Written by Matt King (Peep Show) and Steve Edge (Phoenix Nights), this warm-hearted comedy-drama follows working-class clan the Starlings, led by dad Terry (Coyle) and loving wife Jan (Lesley Sharp).
Digital Spy and a few other reporters caught up with Brendan to chat about his new role, his thoughts on British comedy and breaking away from Downton Abbey...
What appealed to you about Starlings?
"First of all, I found it very very funny. I read episodes one to three and I just felt this great warmth towards these characters. It made me laugh out loud and I just love these characters. There's no kind of tension or confrontation for a family thing and I just thought, 'This is really lovely, so I'm going to meet them for this'."
What's it like having Lesley Sharp as your wife?
"It's a dream. I always knew I'd work with Lesley - I always believed our paths would cross but I thought it would be in some Greek drama killing each other, or... some blood and guts thing! Instead it's this, and it's a dream. She's a dream to work with."
Do you see yourself as a dramatic actor or a comedic actor?
"I see myself as an actor and I don't differentiate between those two disciplines at all. I think great humour lies in playing the truth of a situation. I see myself as a performer and that applies to a Greek drama or a modern comedy."
Do you find comedy more difficult than drama?
"Yes, the timing has to come in to play and a certain rhythm. I mean, gags and humour are written in a specific way and it has to be relayed in a certain way.
"You can't be a casual observer of something humorous - you have to engage, you have to find it funny for the relationship between actor and audience to work. So I guess that's where the problem lies, but this show just works, I think."
Your character in Downton Abbey can be quite dour - was it a relief to do something lighter?
"Around about the time this came around, I was offered a couple of other moody men - you know, moody men in a cloak, moody men with a knife! So maybe something made my barometer go, 'Let's go that way - just be around funny people for a while'."
So what sort of character is Terry?
"He's big-hearted, I think he's a bit bemused - he sees the world as a gallery of characters who don't see the world as he sees it. So myself and Lesley are the heart of the Starling family, and we're both trying to throw our arms around the family and the world.

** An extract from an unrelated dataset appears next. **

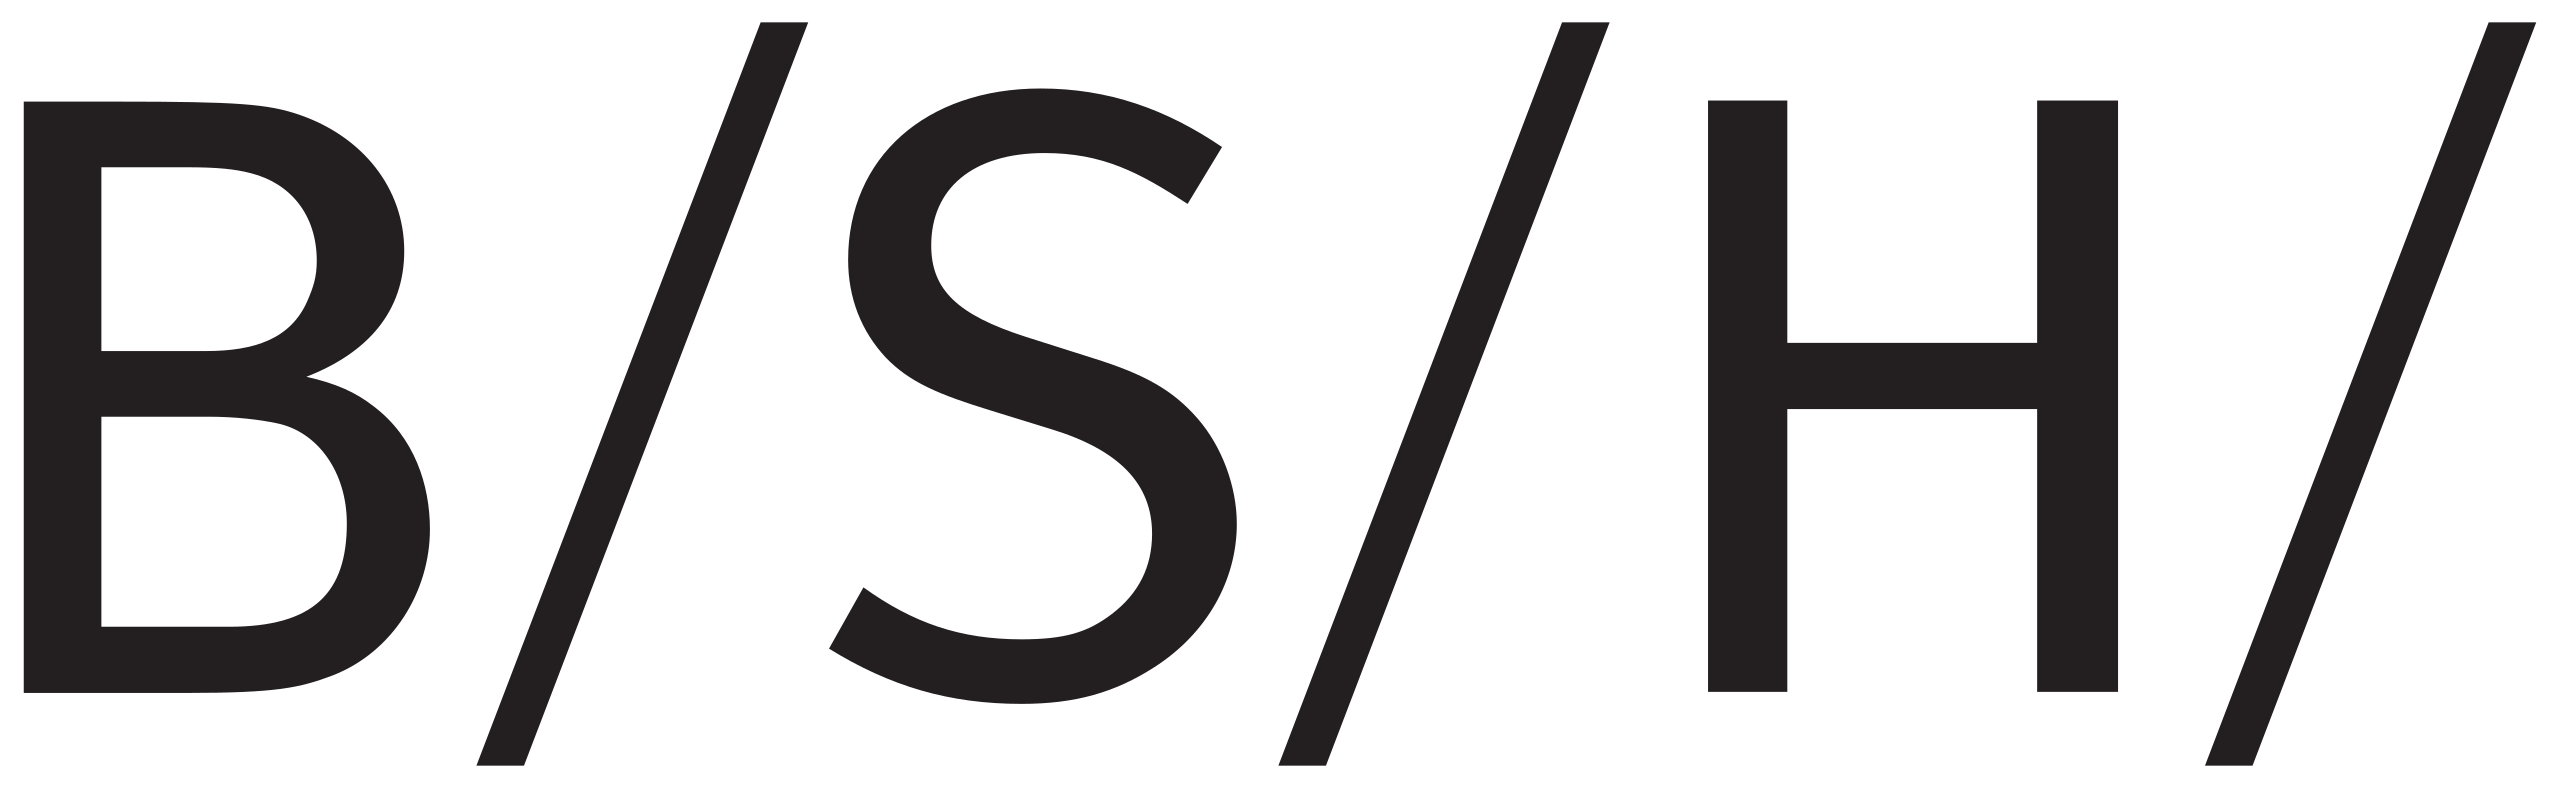 BSH Bosch und Siemens Hausgerate logo.svg

"They have one grown-up boy who won't leave home, we have Granddad - he's moved in as a result of a court order. There's one long-lost son looking for his Dad and a cousin who has just been kicked out by his girlfriend, so they inadvertently come together."
Matt King and Steve Edge wrote the show and also star - is it strange acting alongside the writers?
"I thought it would be, but it was actually great because they were there as part of the team. If anything wasn't working, they were there to tweak it. They were at the monitor the whole time, but it wasn't an oppressive thing.
"It wasn't like a gang of execs that we didn't know overseeing us. They're funny guys and nice guys to be around."
Do you think British comedy is in a healthy state at the moment?
"I think this country is really, really strong on comedy. I think with Sky and BBC Three and Channel 4, there are some great television platforms, and the stand-up movement in this country is phenomenal. It's like rock 'n' roll here.
"Britain's a funny place and there's a lot of funny people coming out of there and a lot of people are finding mediums to express themselves."
Do you think there's potential for a second series of Starlings?
"Yes, there really is. You see as the series goes on, it's so strong, so funny, so good. I think they have been commissioned to write some scripts [for series two].
"I don't know how it works for Sky, but I know the boys have been asked to write a few scripts, that's all I know. It always comes down to ratings - you always wait to see how it is received."
Starlings begins on Sunday (May 13) at 8pm on Sky1.